- EXERCISE DETAILS
Below are some entries. Transcribe the lines from the one holding "The Spot Soul" to the one holding "Fathers Day eCommerce Facts", inclusive, but not the pictures among them.

- THE RECORDS

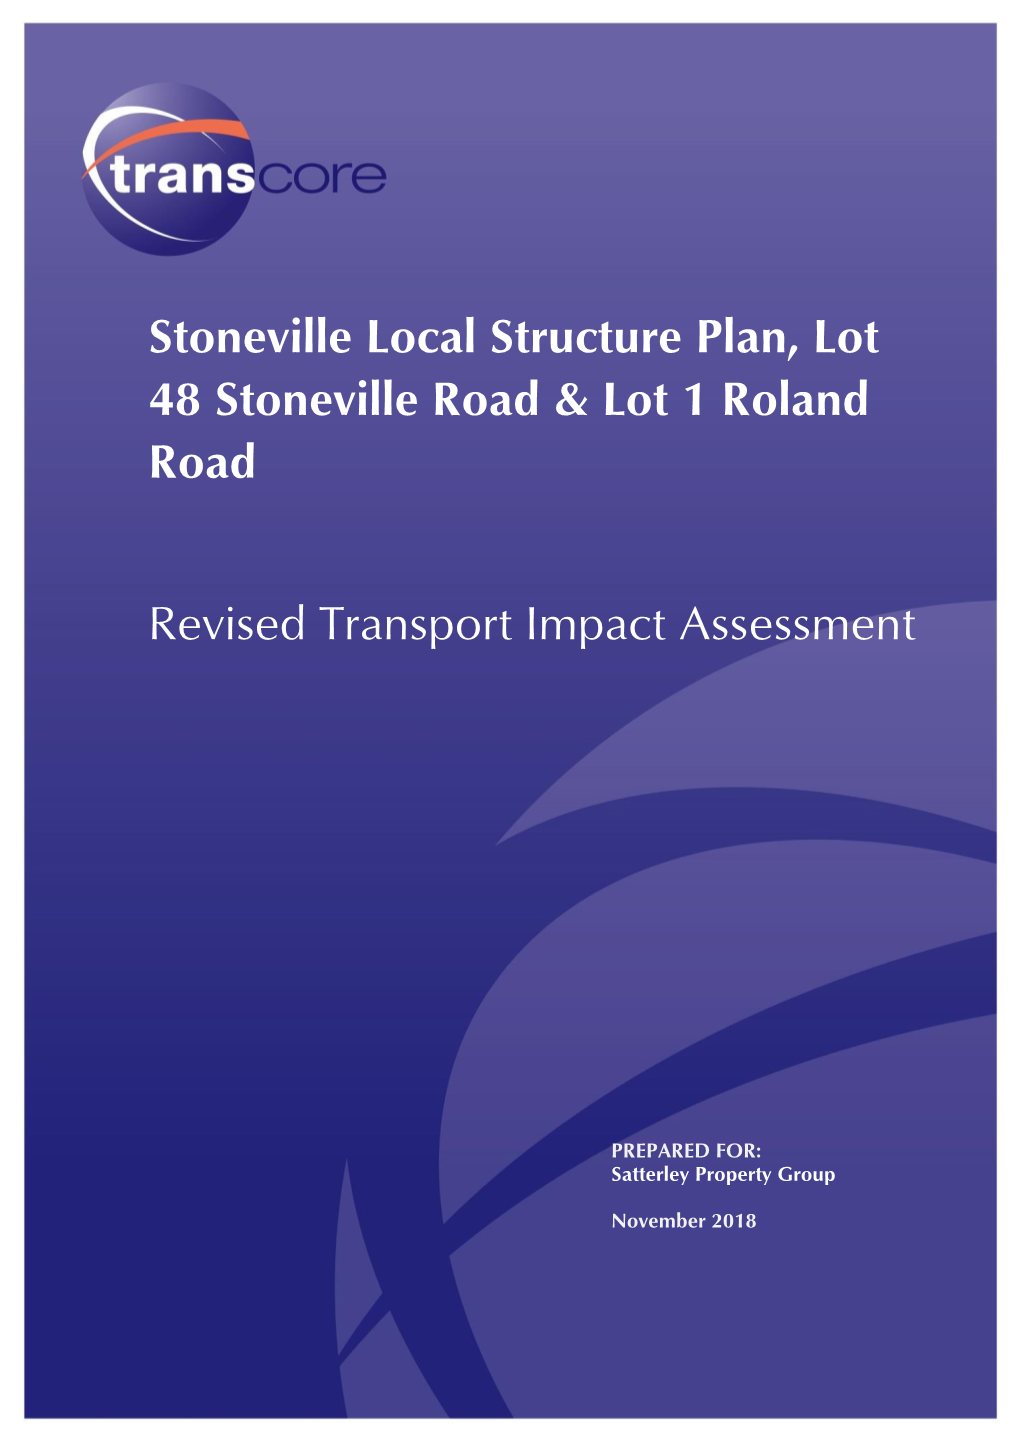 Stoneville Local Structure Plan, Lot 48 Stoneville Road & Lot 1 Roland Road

---

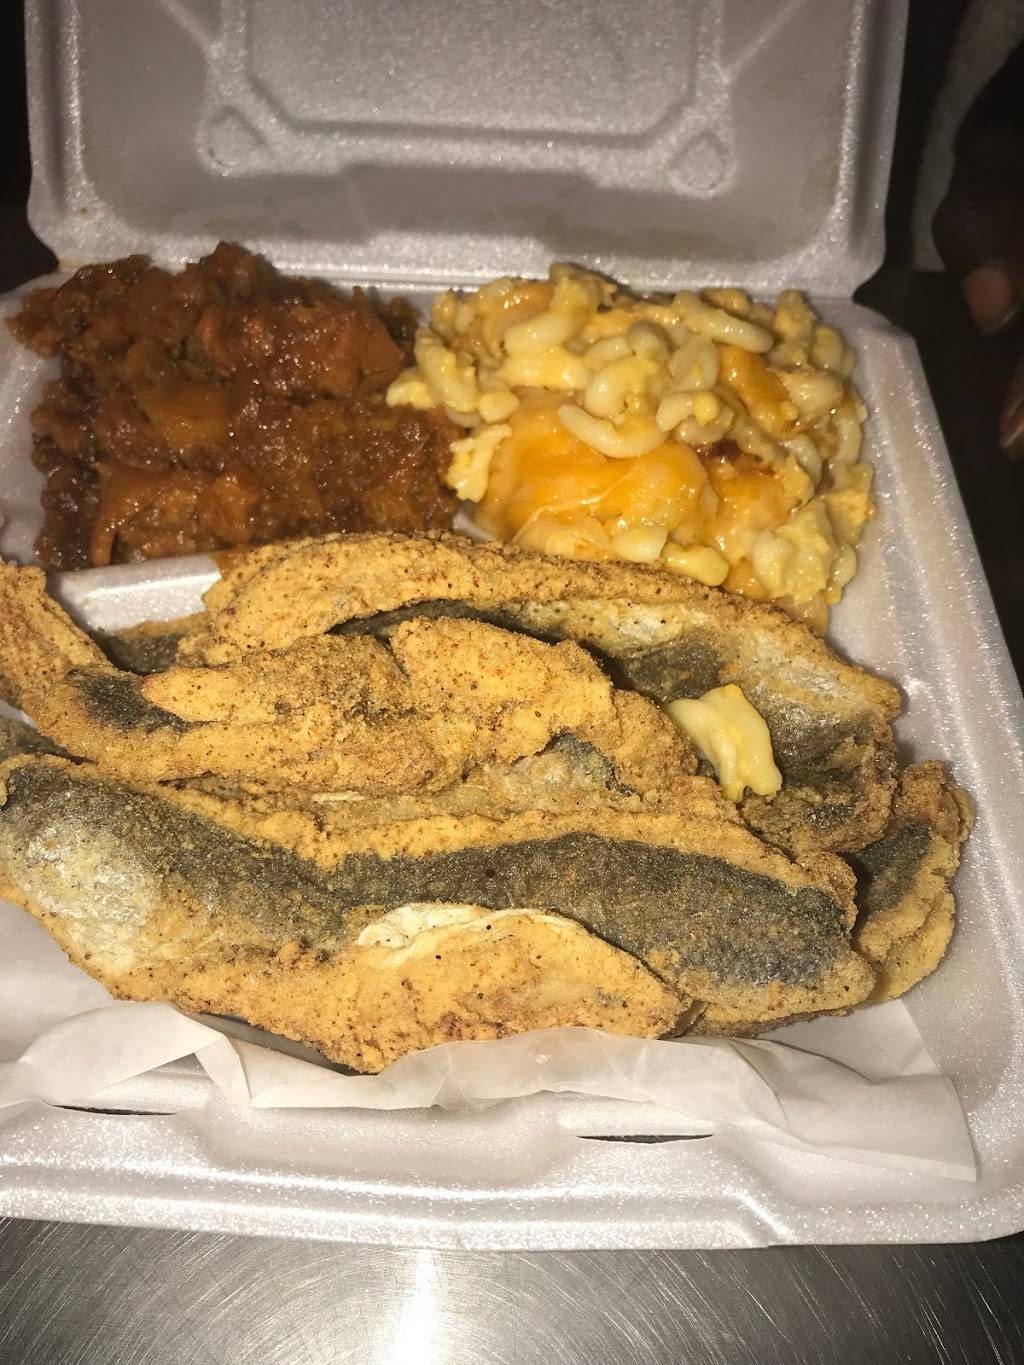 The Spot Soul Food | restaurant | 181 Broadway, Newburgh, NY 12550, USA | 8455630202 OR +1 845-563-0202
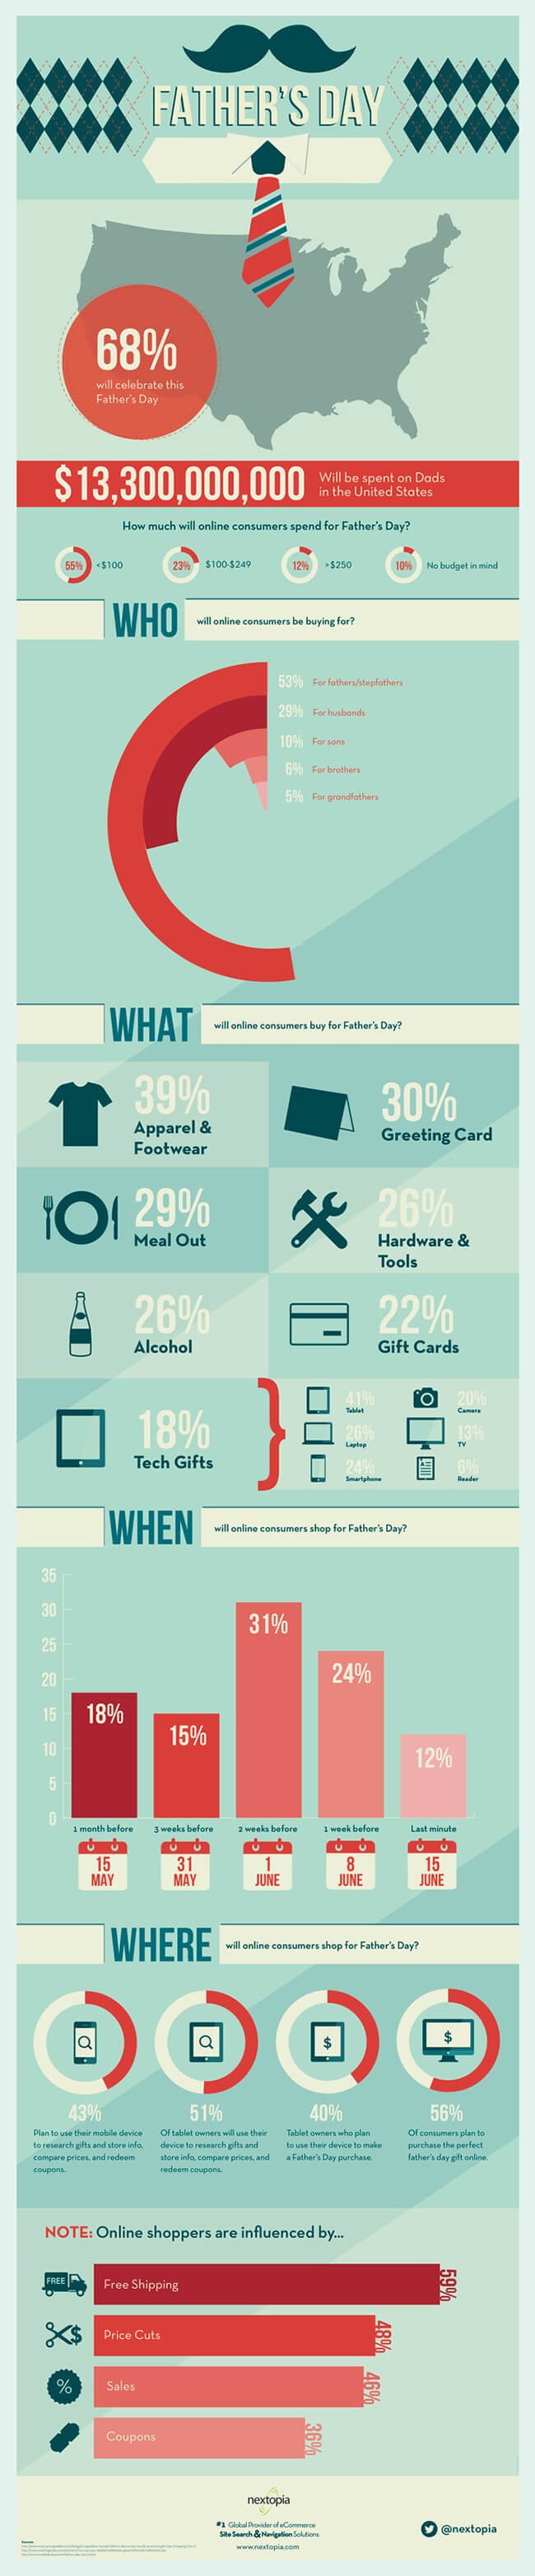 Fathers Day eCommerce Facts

- RESPONSE
 The Spot Soul Food | restaurant | 181 Broadway, Newburgh, NY 12550, USA | 8455630202 OR +1 845-563-0202
 Fathers Day eCommerce Facts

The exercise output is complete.